To check associativity (for multiplication – use a similar process for associativity of addition), start like this: $$\bigl((a, b) \cdot (c, d)\bigr) \cdot(e,f) = (ac,bd)\cdot (e,f) = \bigl((ac)e,(bd)f\bigr).$$ Then do a similar calculation for $(a,b)\cdot \bigl((c,d) \cdot(e,f)\bigr)$, and use associativity of $F$ to conclude that the two results are the same.Guest said:Problem: Let $F$ be a field and let $G = F \times F$. Define multiplication and addition on $G$ by setting $(a, b)+(c, d) = (a+c, b+d)$ and $(a, b) \cdot (c, d) = (ac, bd)$. Does this define a field structure on \(\displaystyle G\)?
I know field axioms but I'm unable to apply them to this problem. How do you check associativity for example?
I can't find suitable identity elements. I tried (0, 0) for addition and (1, 0) for multiplication but these don't work!Opalg said:You might do better to start the problem by asking what are the zero and identity elements of $F\times F$. Does each element of $F\times F$ have a negative, and does each nonzero element have an inverse?
Guest said:Thank you.
I can't find suitable identity elements. I tried (0, 0) for addition and (1, 0) for multiplication but these don't work!
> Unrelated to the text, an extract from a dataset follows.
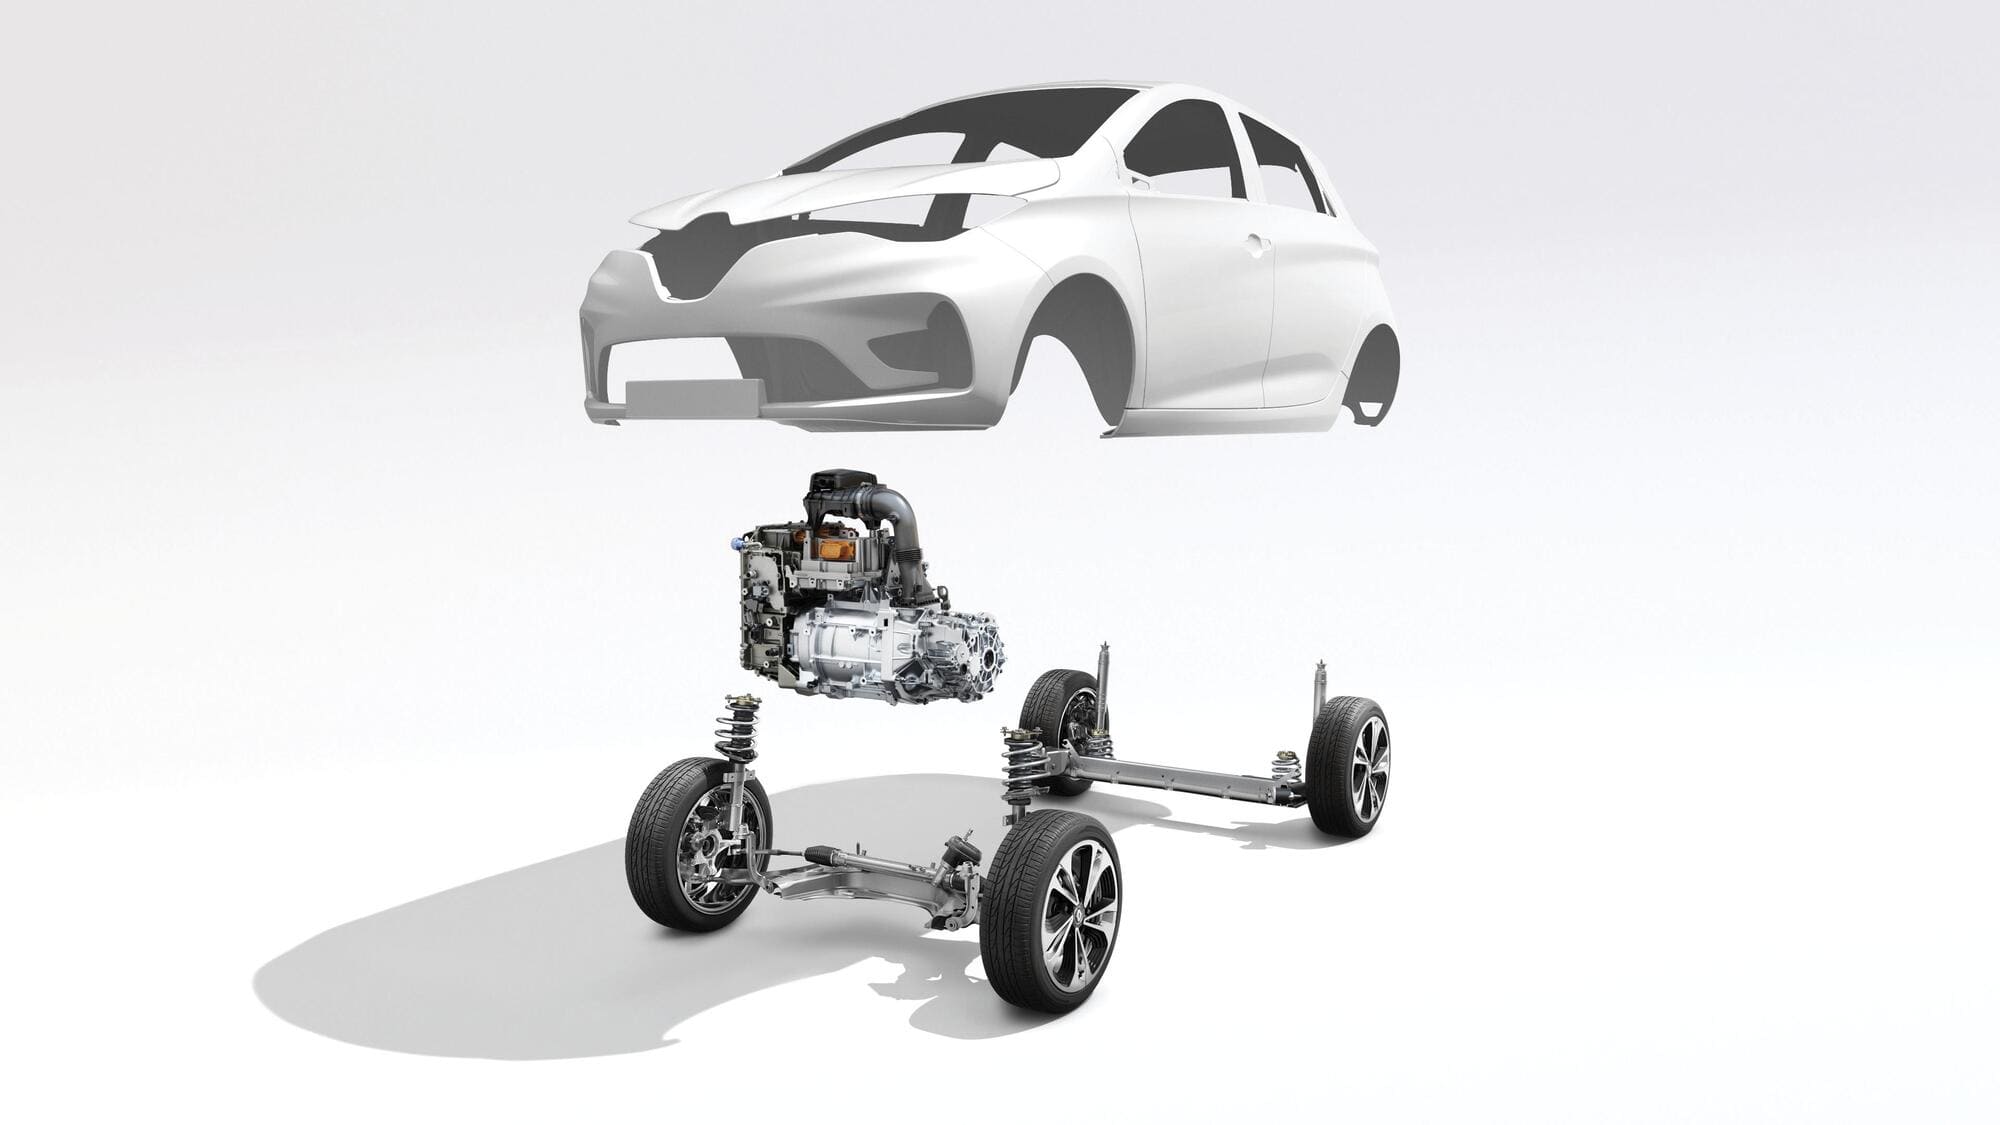 Comment fonctionnent les moteurs des véhicules électriques? – Renault

The field axioms for $G = F \times F$ are:
To check if $G = F \times F$ satisfies the field axioms, you need to verify that each axiom holds true for all elements in $F \times F$. This can be done by performing the required operations on different elements of $F \times F$ and comparing the results with the expected values based on the axioms.
If $G = F \times F$ does not satisfy the field axioms, then it cannot be considered a field. This means that some of the fundamental properties of fields, such as the existence of inverses and distributivity, do not hold true for all elements in $F \times F$.
No, $G = F \times F$ must satisfy all of the field axioms to be considered a field. The field axioms are a set of fundamental properties that define what a field is, and if any of these axioms are not satisfied, then $G = F \times F$ cannot be classified as a field.
Yes, apart from the field axioms, $G = F \times F$ must also satisfy the properties of closure, where the result of an operation on any two elements in $F \times F$ must also be an element in $F \times F$, and the property of existence of multiplicative inverses, where every element in $F \times F$ (except for 0) must have a multiplicative inverse.